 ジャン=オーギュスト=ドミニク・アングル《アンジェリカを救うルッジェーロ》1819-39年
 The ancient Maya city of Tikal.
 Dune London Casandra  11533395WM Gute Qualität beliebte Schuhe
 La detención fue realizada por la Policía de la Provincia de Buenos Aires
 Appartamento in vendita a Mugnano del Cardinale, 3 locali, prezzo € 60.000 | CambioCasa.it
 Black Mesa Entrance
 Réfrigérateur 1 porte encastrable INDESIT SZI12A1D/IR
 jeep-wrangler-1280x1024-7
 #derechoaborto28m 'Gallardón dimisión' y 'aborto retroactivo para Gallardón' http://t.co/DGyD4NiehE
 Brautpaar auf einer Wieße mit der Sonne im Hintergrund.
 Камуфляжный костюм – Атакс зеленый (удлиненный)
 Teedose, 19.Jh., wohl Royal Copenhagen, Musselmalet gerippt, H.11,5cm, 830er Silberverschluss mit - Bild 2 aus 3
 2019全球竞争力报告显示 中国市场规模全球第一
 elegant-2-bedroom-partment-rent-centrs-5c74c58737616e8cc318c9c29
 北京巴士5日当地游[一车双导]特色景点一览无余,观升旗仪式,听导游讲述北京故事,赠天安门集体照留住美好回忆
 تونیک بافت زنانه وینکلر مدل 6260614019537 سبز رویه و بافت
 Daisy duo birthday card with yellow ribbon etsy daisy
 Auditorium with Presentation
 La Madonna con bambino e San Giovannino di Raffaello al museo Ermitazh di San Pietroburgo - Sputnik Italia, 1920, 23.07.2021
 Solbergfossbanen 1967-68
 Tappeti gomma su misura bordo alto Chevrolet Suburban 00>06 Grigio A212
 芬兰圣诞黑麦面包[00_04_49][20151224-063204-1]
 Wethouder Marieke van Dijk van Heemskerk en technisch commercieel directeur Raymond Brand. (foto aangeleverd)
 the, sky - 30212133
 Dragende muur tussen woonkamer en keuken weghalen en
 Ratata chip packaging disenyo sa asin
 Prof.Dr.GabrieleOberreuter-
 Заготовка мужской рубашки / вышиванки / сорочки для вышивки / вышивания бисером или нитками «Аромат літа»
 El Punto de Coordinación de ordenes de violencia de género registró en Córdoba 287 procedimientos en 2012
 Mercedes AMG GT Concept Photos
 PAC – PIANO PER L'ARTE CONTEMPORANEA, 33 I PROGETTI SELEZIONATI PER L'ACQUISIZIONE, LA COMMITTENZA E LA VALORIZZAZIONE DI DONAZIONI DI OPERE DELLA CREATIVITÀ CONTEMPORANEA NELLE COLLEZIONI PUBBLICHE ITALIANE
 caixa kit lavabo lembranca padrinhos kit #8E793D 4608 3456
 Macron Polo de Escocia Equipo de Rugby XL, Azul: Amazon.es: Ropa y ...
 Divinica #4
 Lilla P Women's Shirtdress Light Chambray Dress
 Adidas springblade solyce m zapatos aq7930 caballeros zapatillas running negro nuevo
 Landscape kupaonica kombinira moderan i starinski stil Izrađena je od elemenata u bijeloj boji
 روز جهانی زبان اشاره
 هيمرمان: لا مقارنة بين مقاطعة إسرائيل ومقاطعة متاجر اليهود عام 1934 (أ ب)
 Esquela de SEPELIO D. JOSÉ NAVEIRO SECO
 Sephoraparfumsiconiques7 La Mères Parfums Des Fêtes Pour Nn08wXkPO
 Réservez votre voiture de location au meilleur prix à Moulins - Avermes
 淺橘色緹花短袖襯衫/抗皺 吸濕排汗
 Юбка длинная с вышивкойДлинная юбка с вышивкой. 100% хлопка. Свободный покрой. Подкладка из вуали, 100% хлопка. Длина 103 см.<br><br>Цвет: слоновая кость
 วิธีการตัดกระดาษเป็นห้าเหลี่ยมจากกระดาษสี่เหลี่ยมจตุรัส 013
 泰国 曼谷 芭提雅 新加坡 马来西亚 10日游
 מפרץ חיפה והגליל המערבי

◆ ◆ ◆

> **ACTIVITY**
Copy only the stretch running from the line containing "Sephoraparfumsiconiques7 La Mères" to the final line of the entries, both ends included, exactly as it stands.

> **ANSWER SECTION**
 Sephoraparfumsiconiques7 La Mères Parfums Des Fêtes Pour Nn08wXkPO
 Réservez votre voiture de location au meilleur prix à Moulins - Avermes
 淺橘色緹花短袖襯衫/抗皺 吸濕排汗
 Юбка длинная с вышивкойДлинная юбка с вышивкой. 100% хлопка. Свободный покрой. Подкладка из вуали, 100% хлопка. Длина 103 см.<br><br>Цвет: слоновая кость
 วิธีการตัดกระดาษเป็นห้าเหลี่ยมจากกระดาษสี่เหลี่ยมจตุรัส 013
 泰国 曼谷 芭提雅 新加坡 马来西亚 10日游
 מפרץ חיפה והגליל המערבי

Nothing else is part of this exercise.